In the data below, how many lines include the string "Democratic"? Give only the number.

RECORD EXTRACTS:
BEGIN

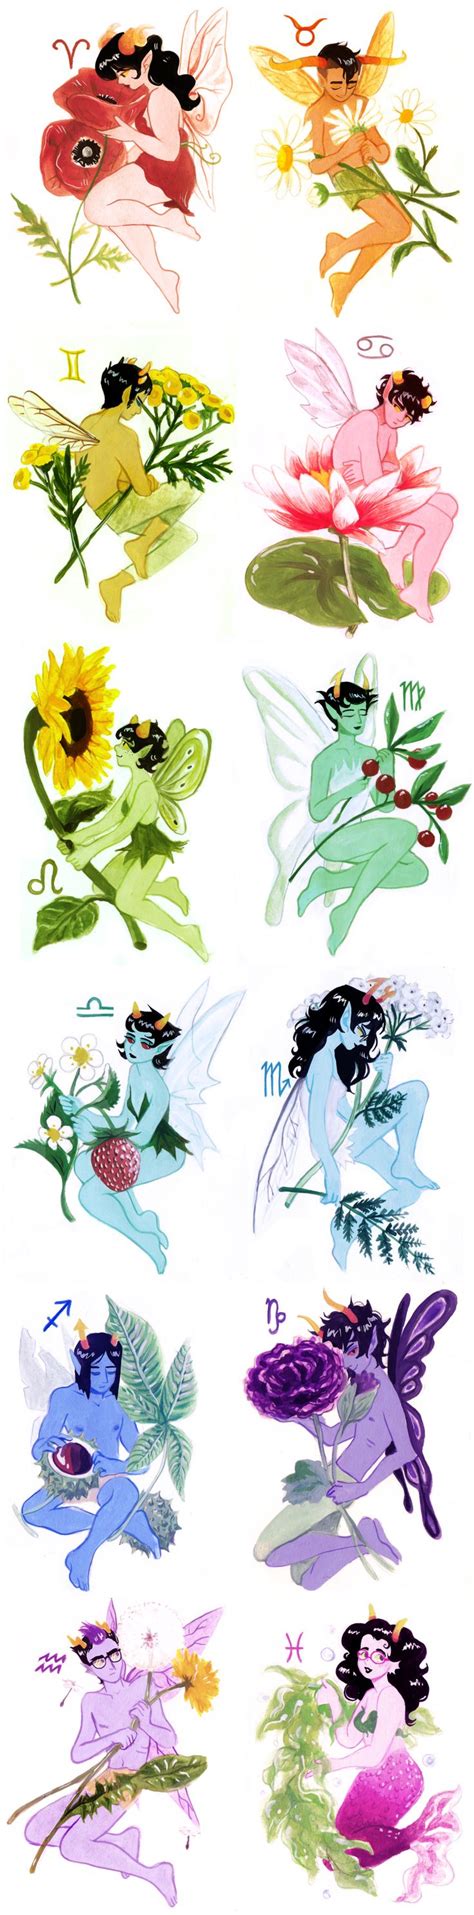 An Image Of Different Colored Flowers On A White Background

END
BEGIN

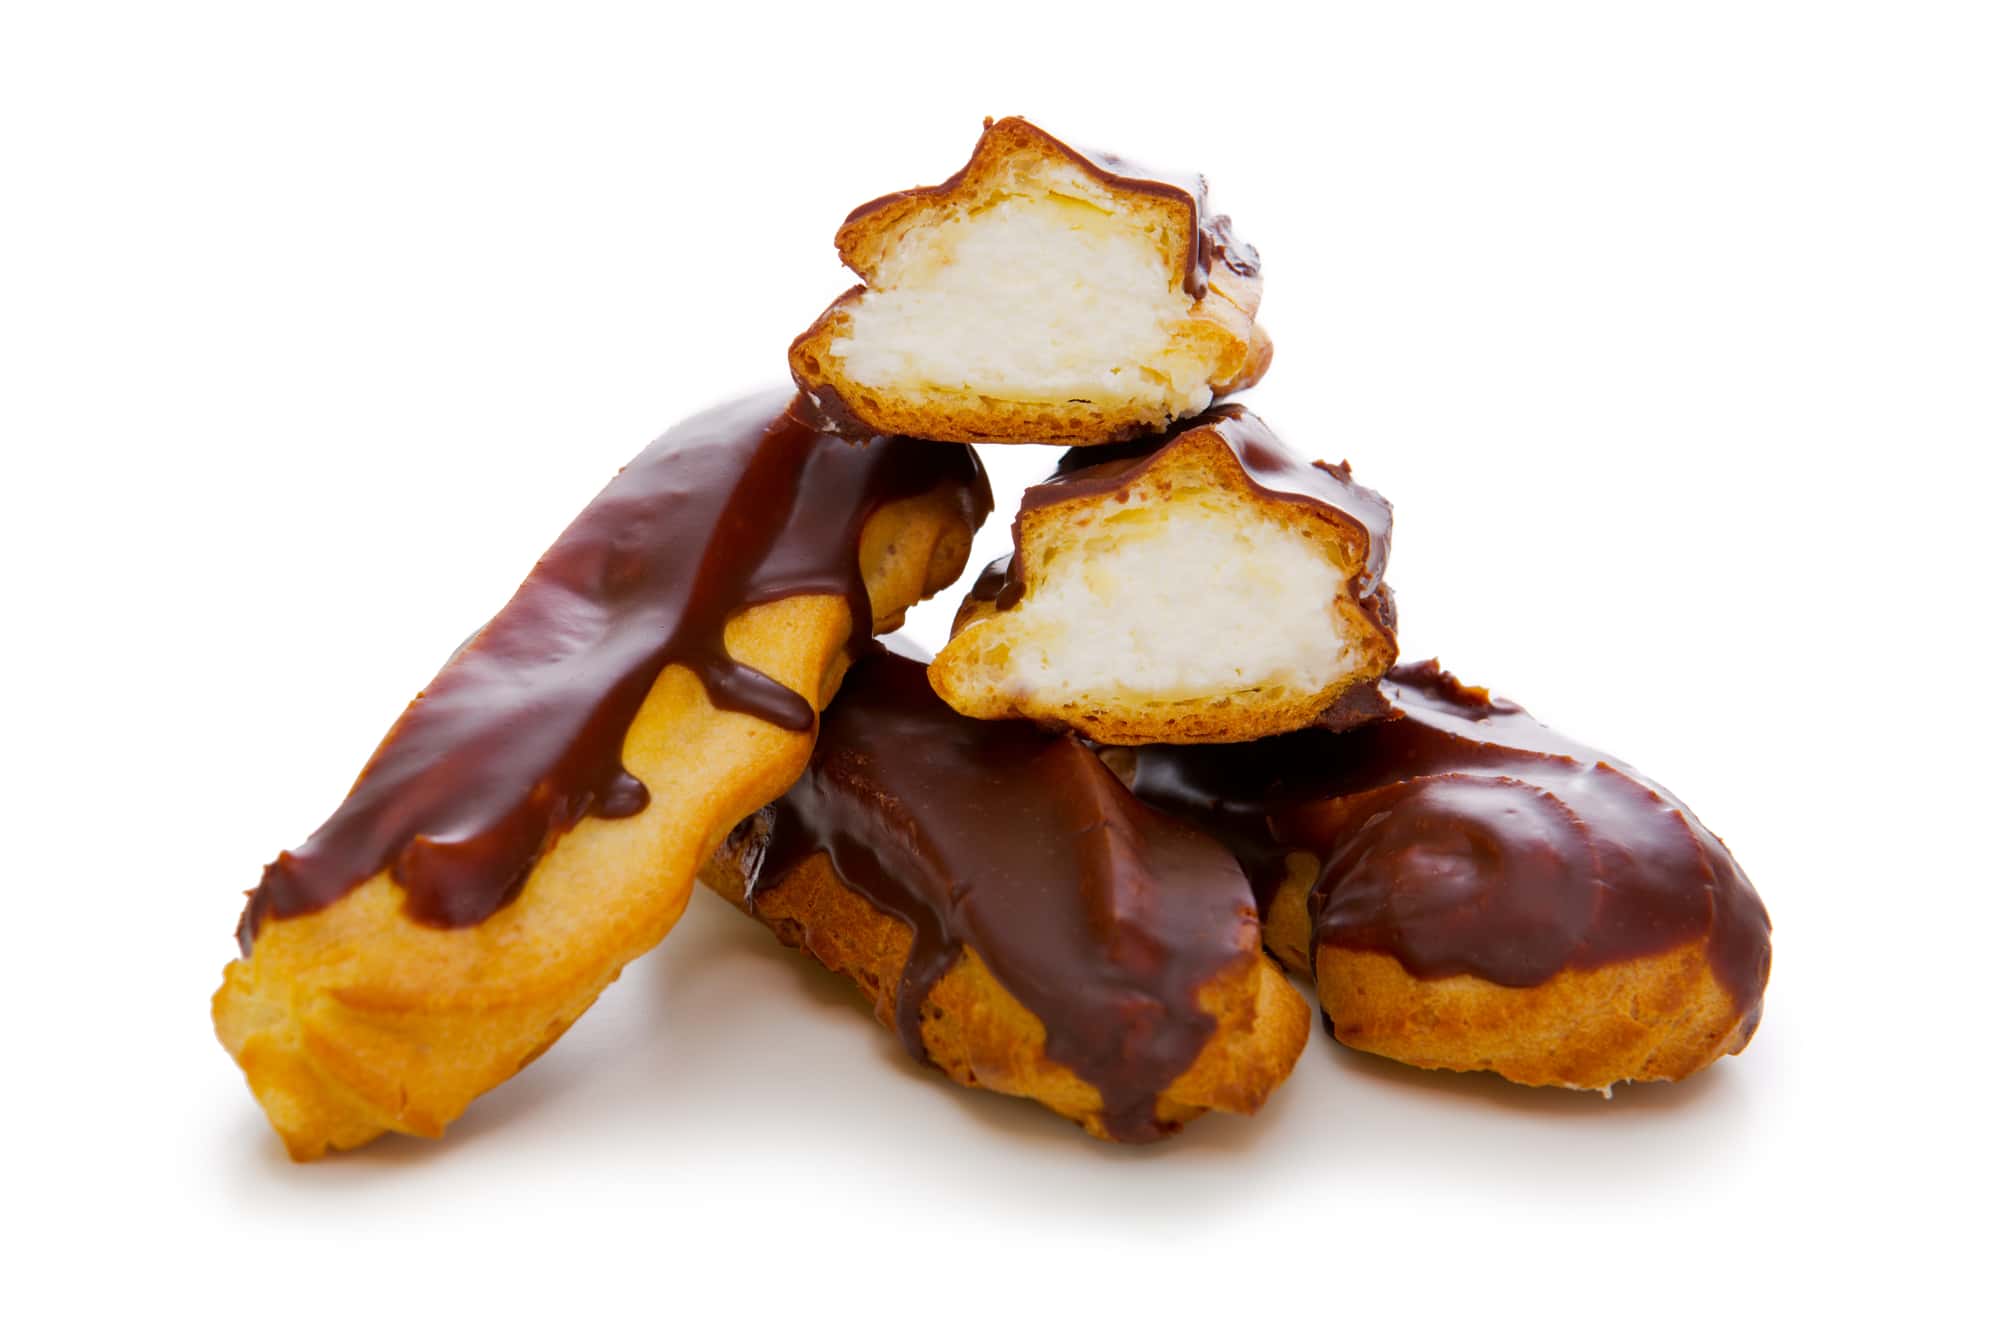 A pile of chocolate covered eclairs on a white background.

END
BEGIN

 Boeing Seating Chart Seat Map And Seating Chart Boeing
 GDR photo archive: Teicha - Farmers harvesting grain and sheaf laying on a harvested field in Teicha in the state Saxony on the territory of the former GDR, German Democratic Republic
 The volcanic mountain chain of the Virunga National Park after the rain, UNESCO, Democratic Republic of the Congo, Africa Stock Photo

END

OUTPUT FOR THIS EXERCISE:
2